Python Model Project Notes July 7 2021

colleenskemp edited this page Jul 7, 2021 · 2 revisions

Key quicklinks: PD / Solution List

PD Solution List co-work

We are going to be updating all the data sets. TAM and Adoption will be updated next week. Need to design how the integrations will look in Python. This will not look the same as the excel. Design needed. To follow hackathon. Evaluate completeness of existing models by comparing key results to excel outcomes.

Team Meeting Notes

Could Dev help with creating the new hackathon location for the models? Dev - can you make this directory? ACTION Colleen.

https://github.com/ProjectDrawdown/solutions/issues/297 There is a test suite already. This is something that Denise is working on. It takes the excel spreadsheet and dumps the data into a zip and then compares with the python. We don't have it documented how to run it. Don't recommend adding to what we have.

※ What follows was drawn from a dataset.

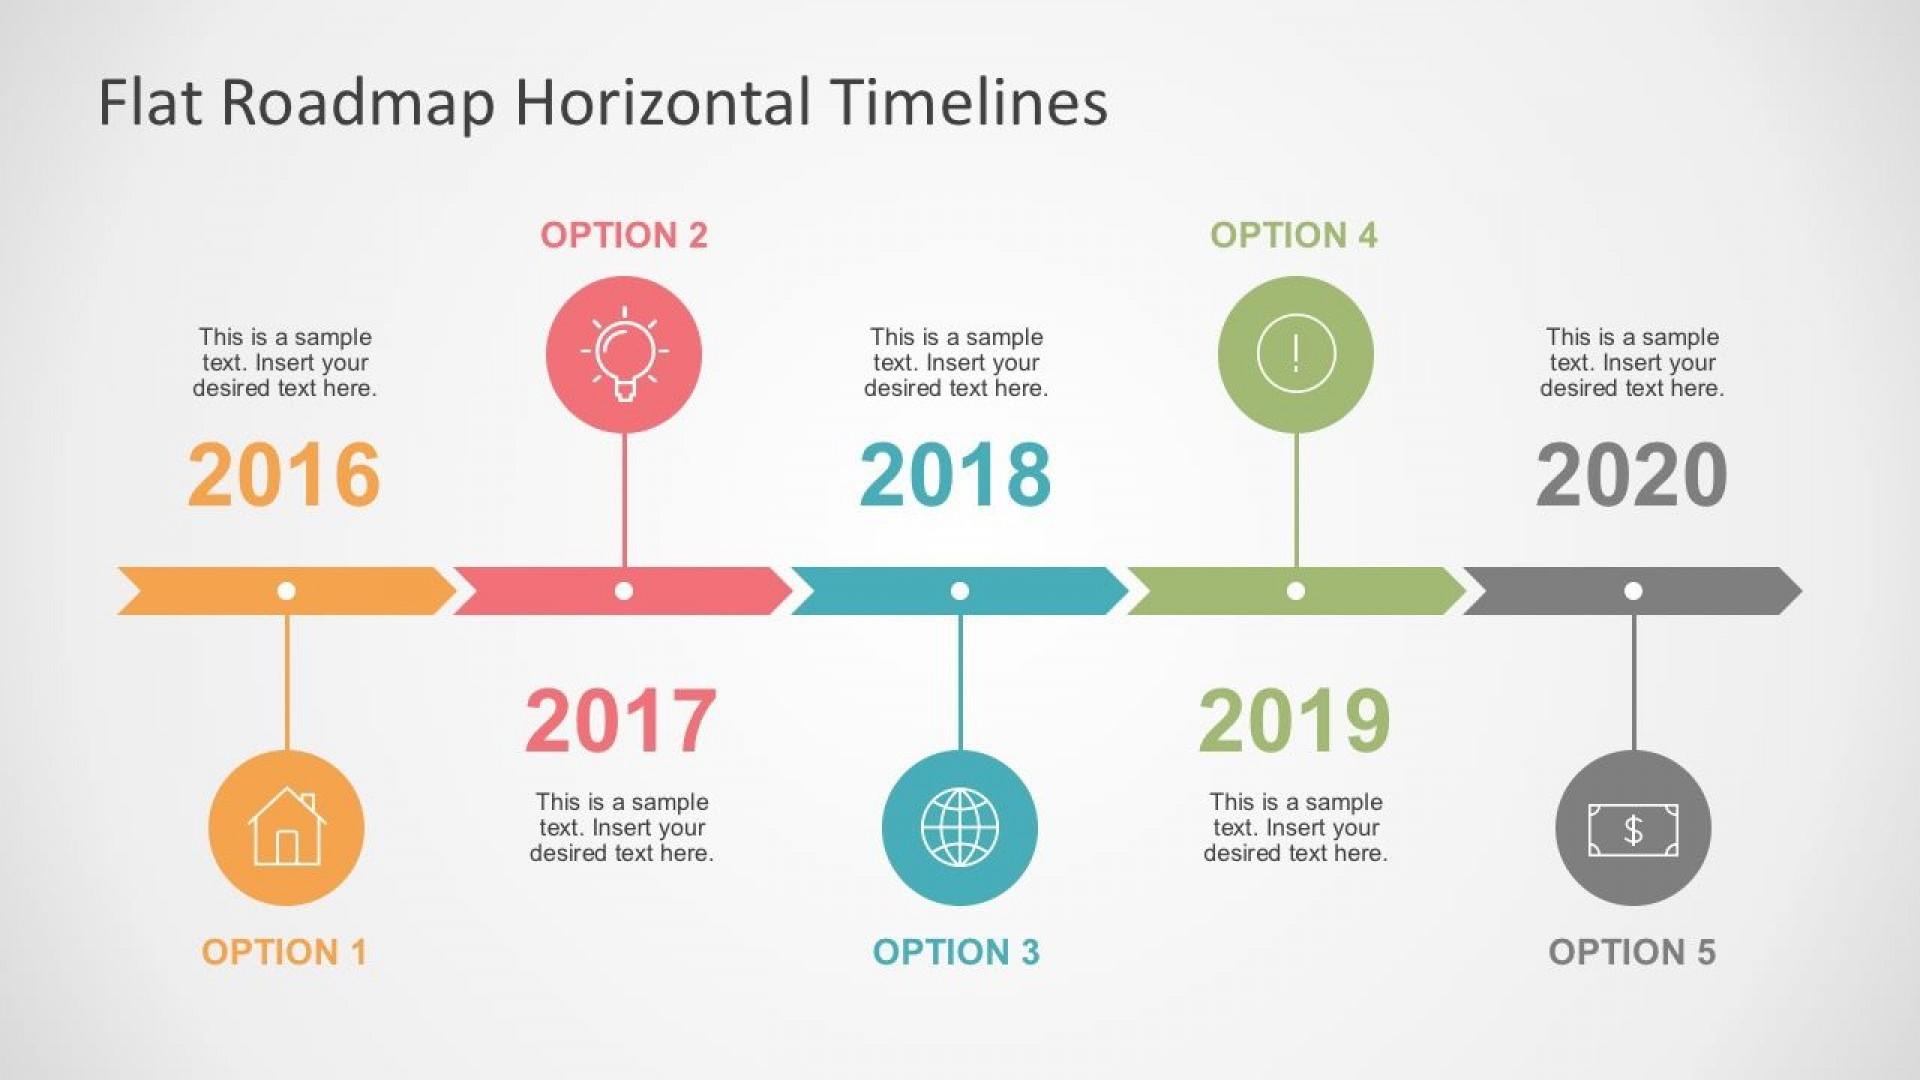 006 Unbelievable Timeline Template For Powerpoint Idea  Presentation Project Management Mac1920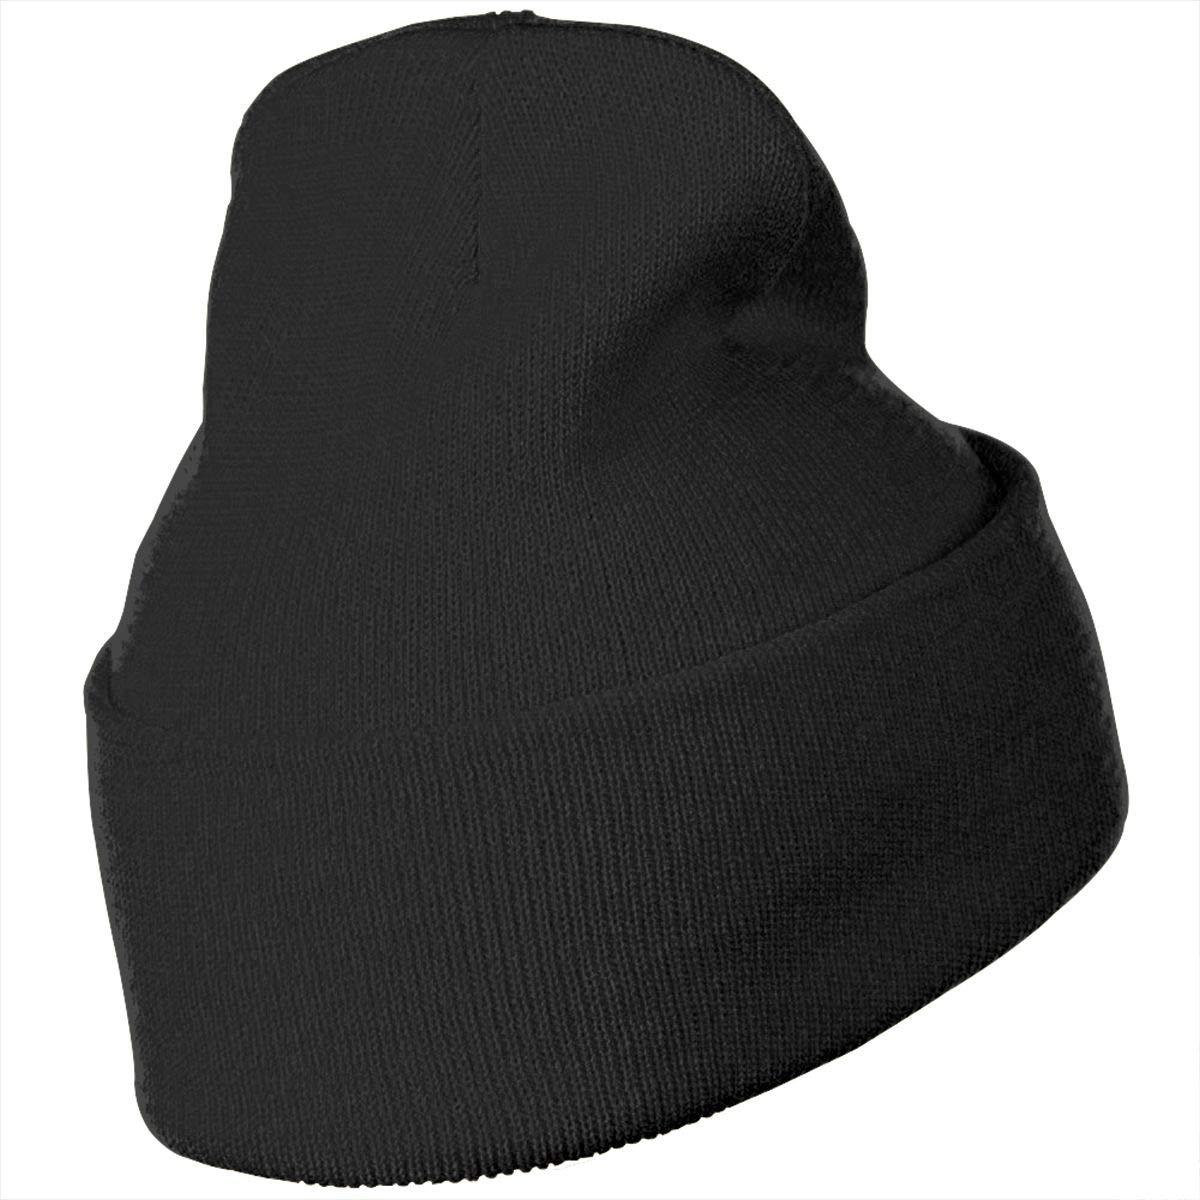 Giraffes Family Men /& Women Skull Caps Winter Warm Stretchy Knit Beanie Hats

Neil has run into some issues relating to how the first cost is treated in excel. First off, the start dates are misaligned. Additionally, there is a jump after 30 years when equipment needs to be replaced that doesn't seem quite right. Adjsutments may be needed to the excel model. This should be undertaken later down the road in collaboration with the PDD team. 2 Notes being added to

Lots of architecture insights arising in the work on Seaweed Farms. Meeting with Denise to discuss possible design updates informed by these changes next week.

Denise: https://github.com/ProjectDrawdown/solutions/issues/295 going to talk to Nabil about this at the cowork tomorrow.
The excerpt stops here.